• [SOURCE DATA]
+---+

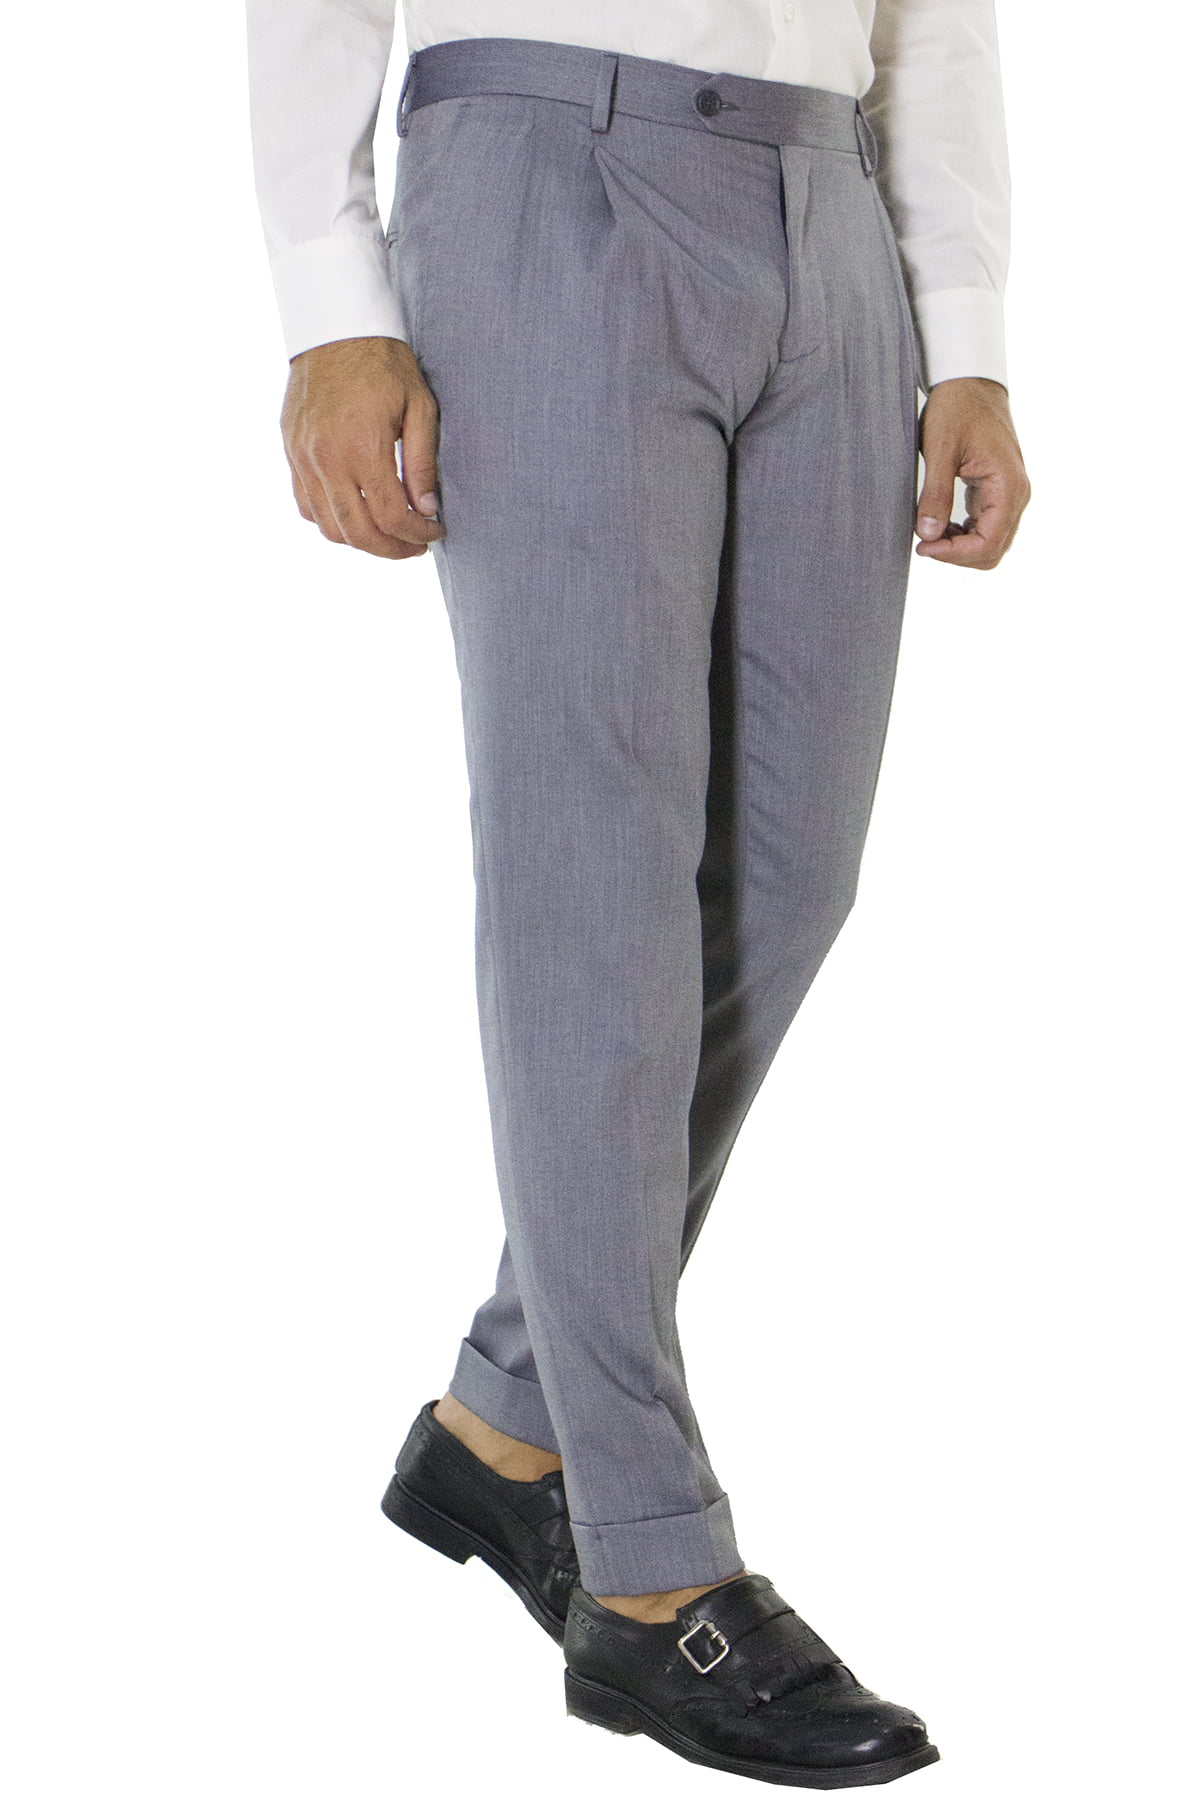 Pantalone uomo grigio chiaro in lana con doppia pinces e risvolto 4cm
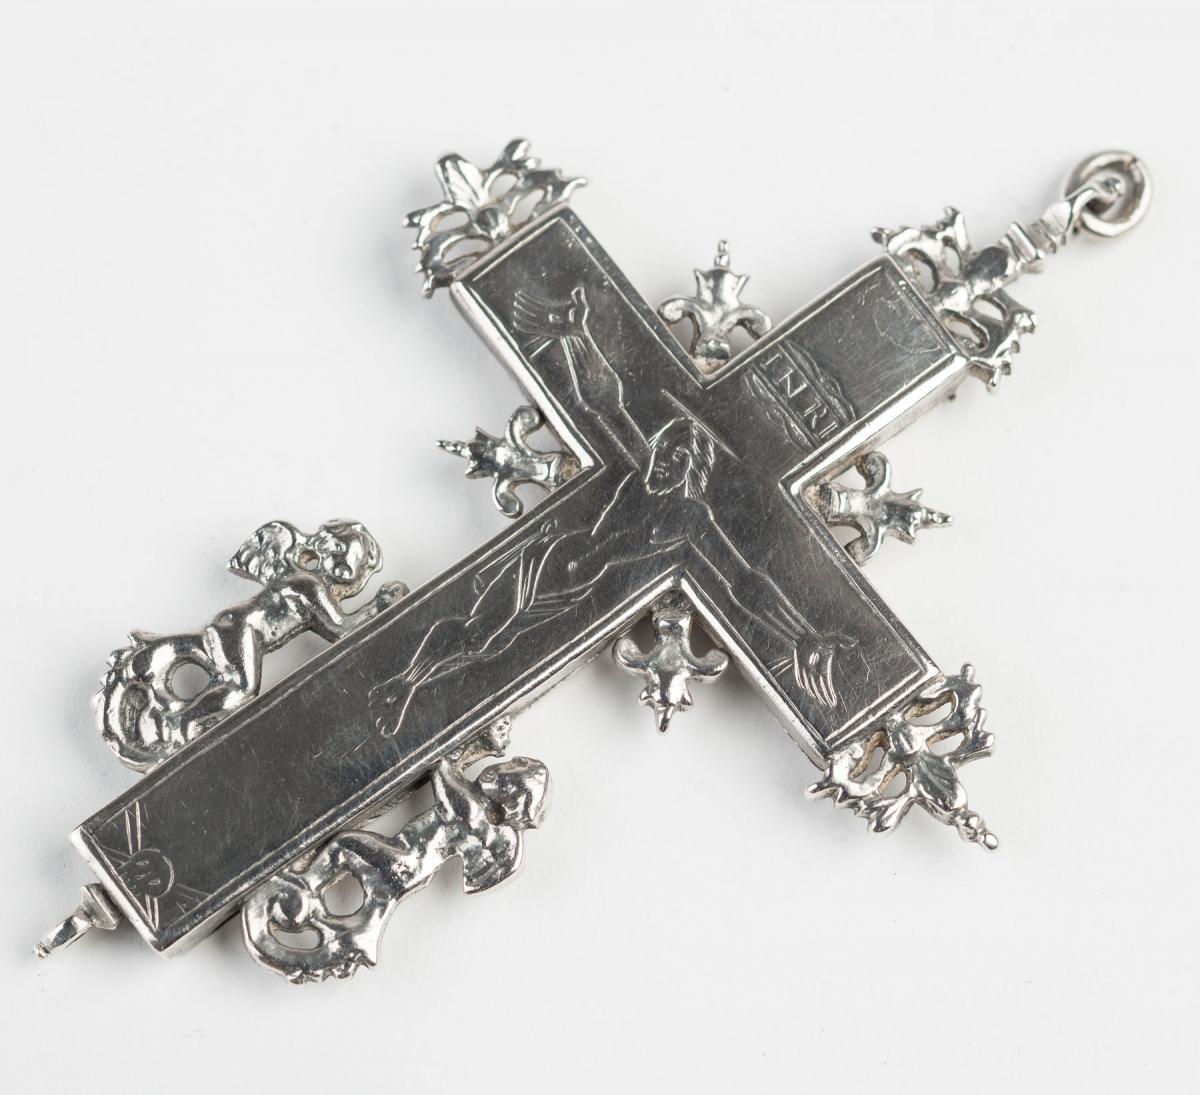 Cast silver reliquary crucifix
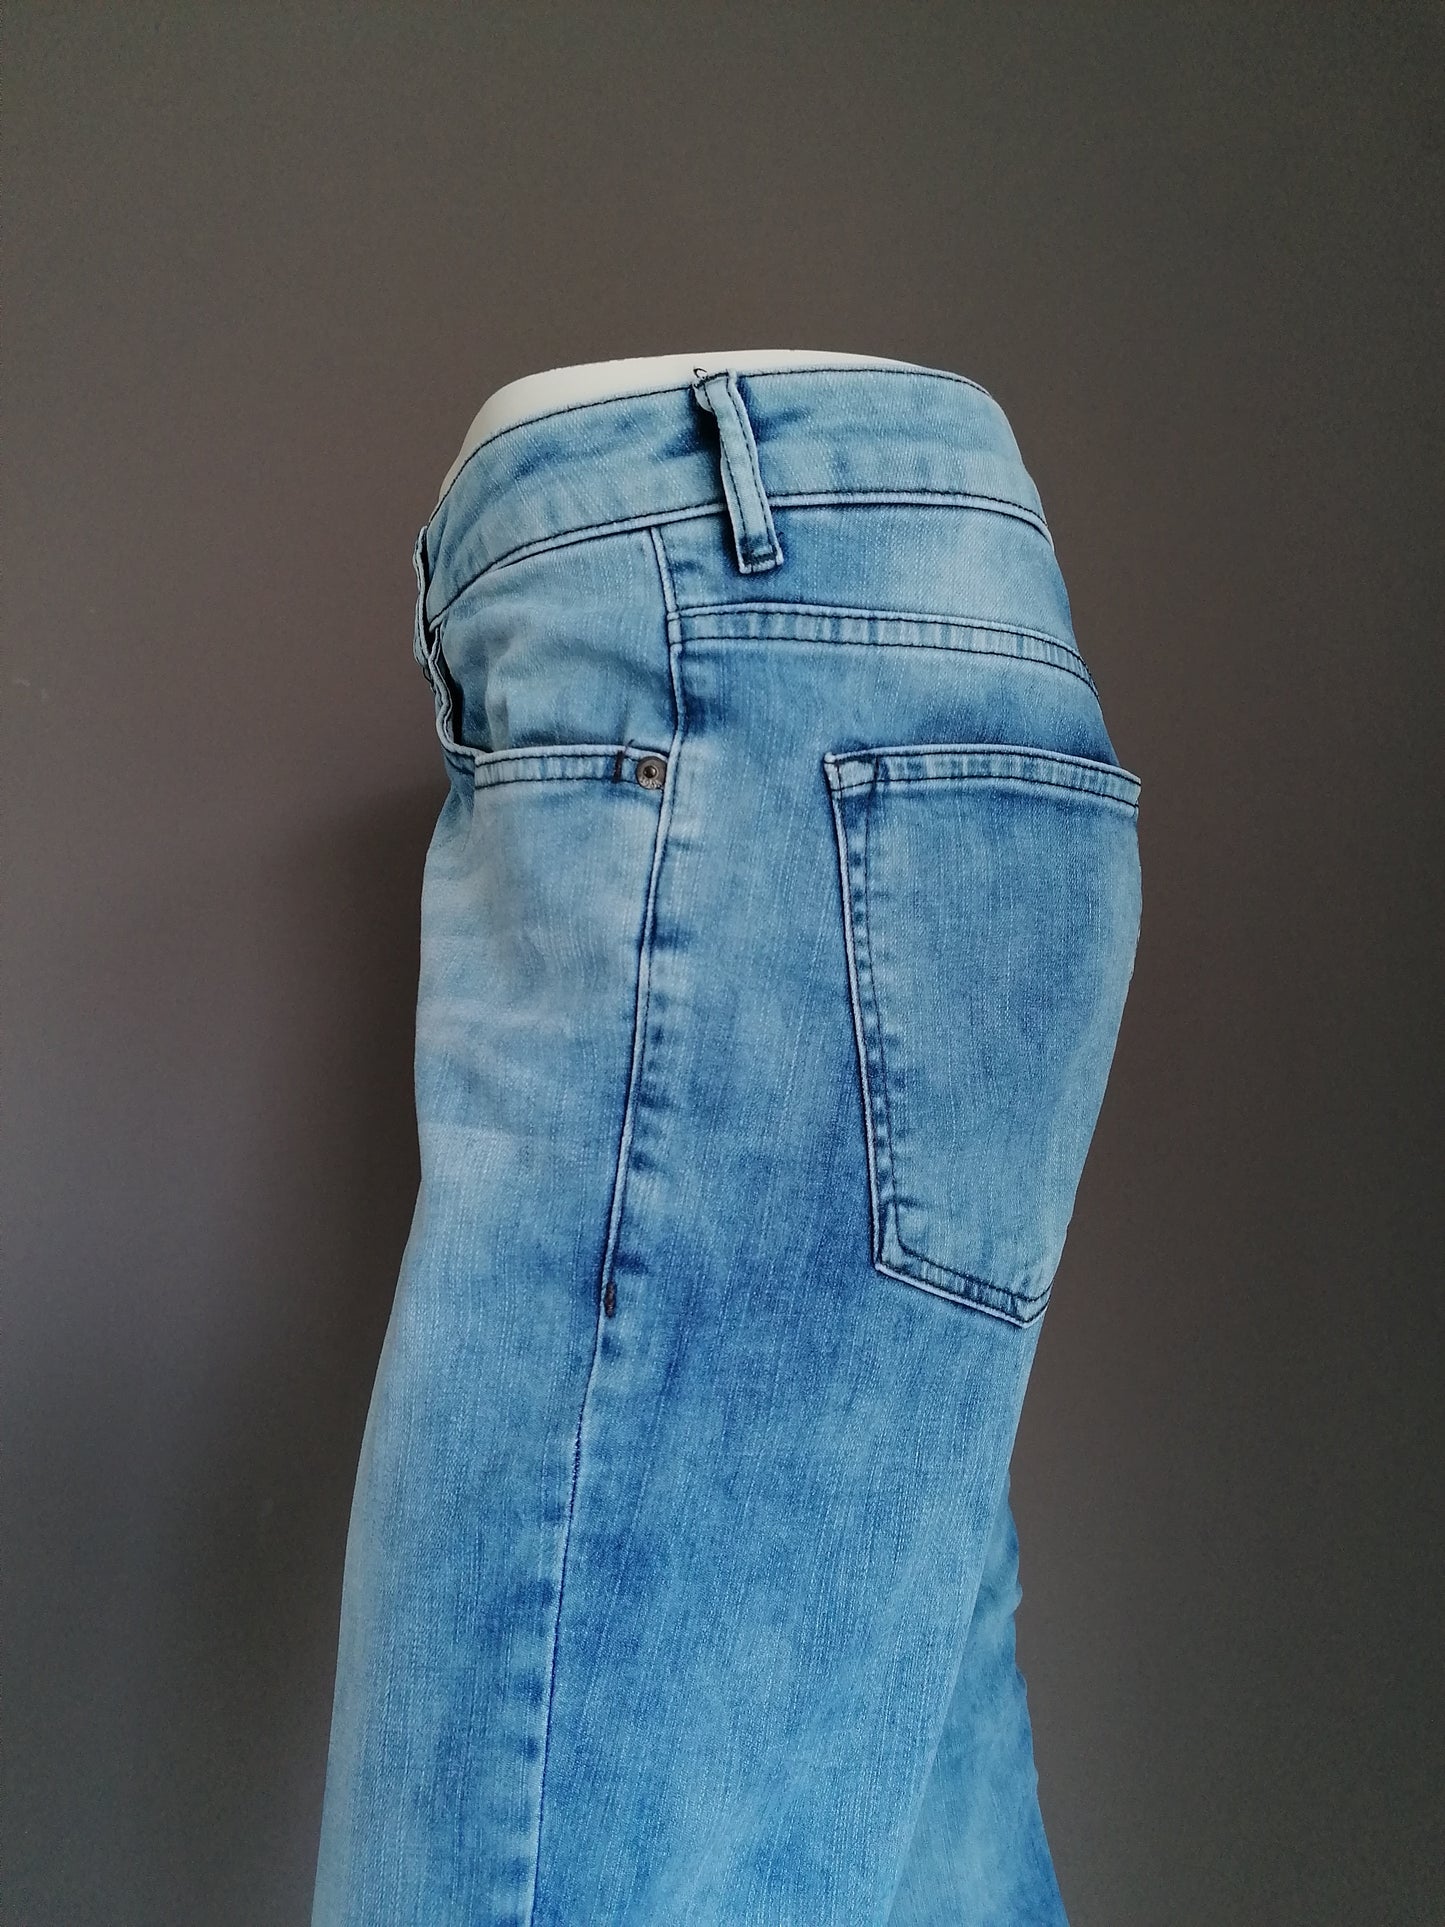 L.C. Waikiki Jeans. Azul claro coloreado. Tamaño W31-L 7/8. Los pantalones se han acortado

+---+

• [PROBLEM DETAILS]
Output precisely the lines in the material above from the line containing "Cast silver reliquary crucifix" through its last line, and omit pictures.

• [TASK RESPONSE]
 Cast silver reliquary crucifix
 L.C. Waikiki Jeans. Azul claro coloreado. Tamaño W31-L 7/8. Los pantalones se han acortado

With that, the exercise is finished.